I recently acquired your company’s PCSU1000 oscilloscope (through Jameco) and I am currently putting it through the paces. So far my impression is quite favorable. There are however a few details in the hardware and the included scope/spectrum analyzer software that I believe could/should be improved with little effort:
Software:
(1) I am missing a way to average over several waveforms in the oscilloscope display (interestingly enough, the spectrum analyzer mode does offer averaging). The scope’s intrinsic noise is remarkably low, but nevertheless there are many situations where one could benefit from removal of random noise.
(2) it would be helpful to have a “store to reference” function that stores the current waveform (it should be possible to turn the reference traces on and off like the CH1 and CH2 waveforms). That would simplify the search for small changes since they would be easily visible as mismatches between stored reference waveform and current waveform.
(3) in addition to existing measurements, RMS noise, peak-to-peak noise, and RMS jitter and peak-to-peak jitter would be nice to have.
(4) it would be great to have the option of manually setting the reference levels (high/mid/low) used in the measurement (right now 10%/50%/90% are hardcoded). At least let the user switch between 10%/90% and 20%/80% for the rise time thresholds.
(5) sometimes variation of the amount of post-trigger would help (at the moment it seems hard-coded to about 1/3 of the waveform record). E.g. allow pre-trigger of 10%/50%/90%.

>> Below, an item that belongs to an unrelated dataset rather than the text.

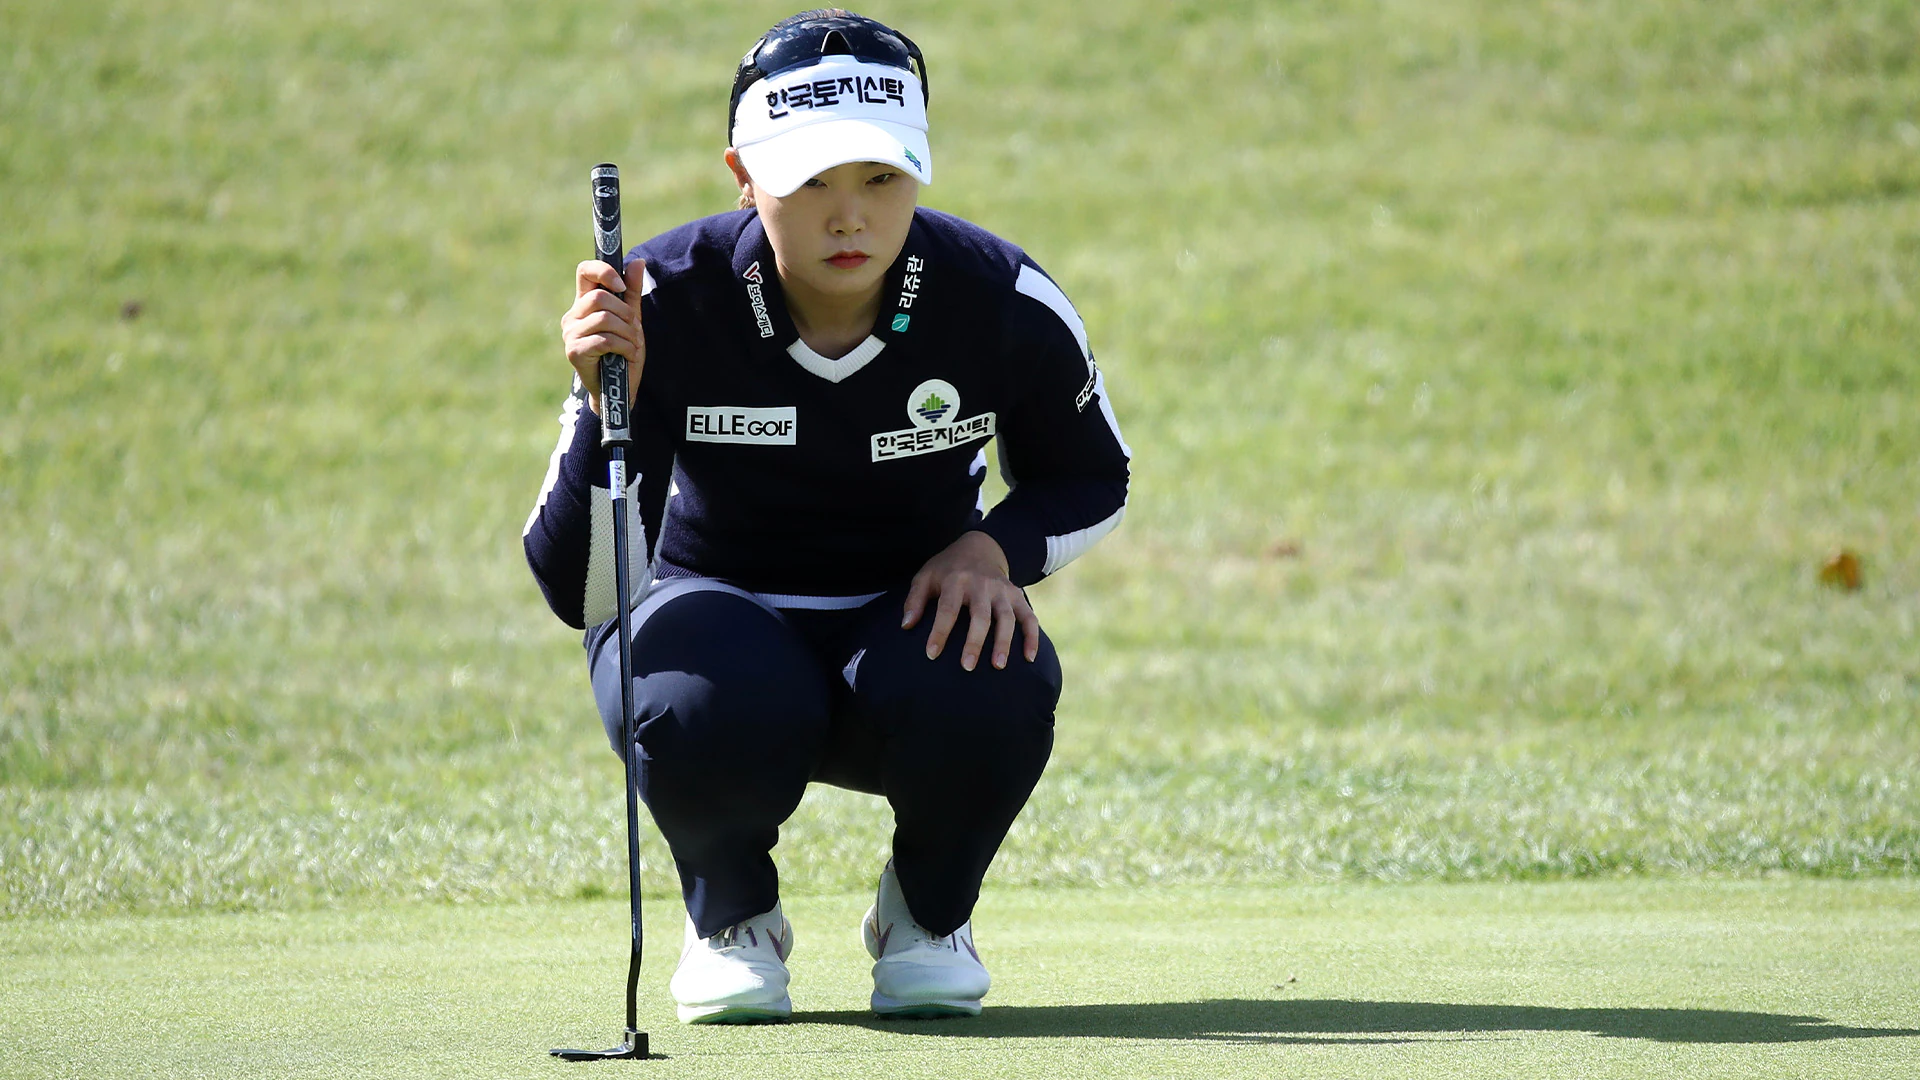 Hee Jeong Lim rides bogey-free three rounds to BMW Ladies Championship lead

As for the hardware, two things were less than optimal:
(1) The absolute levels are sometimes significantly off - e.g. probing ground the scope showed up to -0.4V in the 1V/div range. This was after scope calibration, and I even recalibrated to be on the safe side. (and yes, the probe ground lead WAS attached to another nearby system ground point). Could this be an issue with scope ground drift? (the system under test did not have direct connection to the computer ground except through the scope ground lead).
(2) Probing a fast-rising edge (<2ns) from a microcontroller (standard 5V CMOS output) showed close to 50% overshoot, which is not visible when I compare it with the waveform of a high-performance scope (Tektronix TDS 692, 3 GHz / 10GS/s, with 4 GHz probes). The size of the overshoot is present even in oversampling mode and cannot be explained by interpolation artifacts (the Gibbs phenomenon would be limited to <17%). I used the included probes in 10x mode, and they were compensated prior to the measurement. Is this a known issue of the probes?
Is there a way to get automatically informed about new releases of the software? (the About screen says it’s version 1.0 so I assume there will be updates).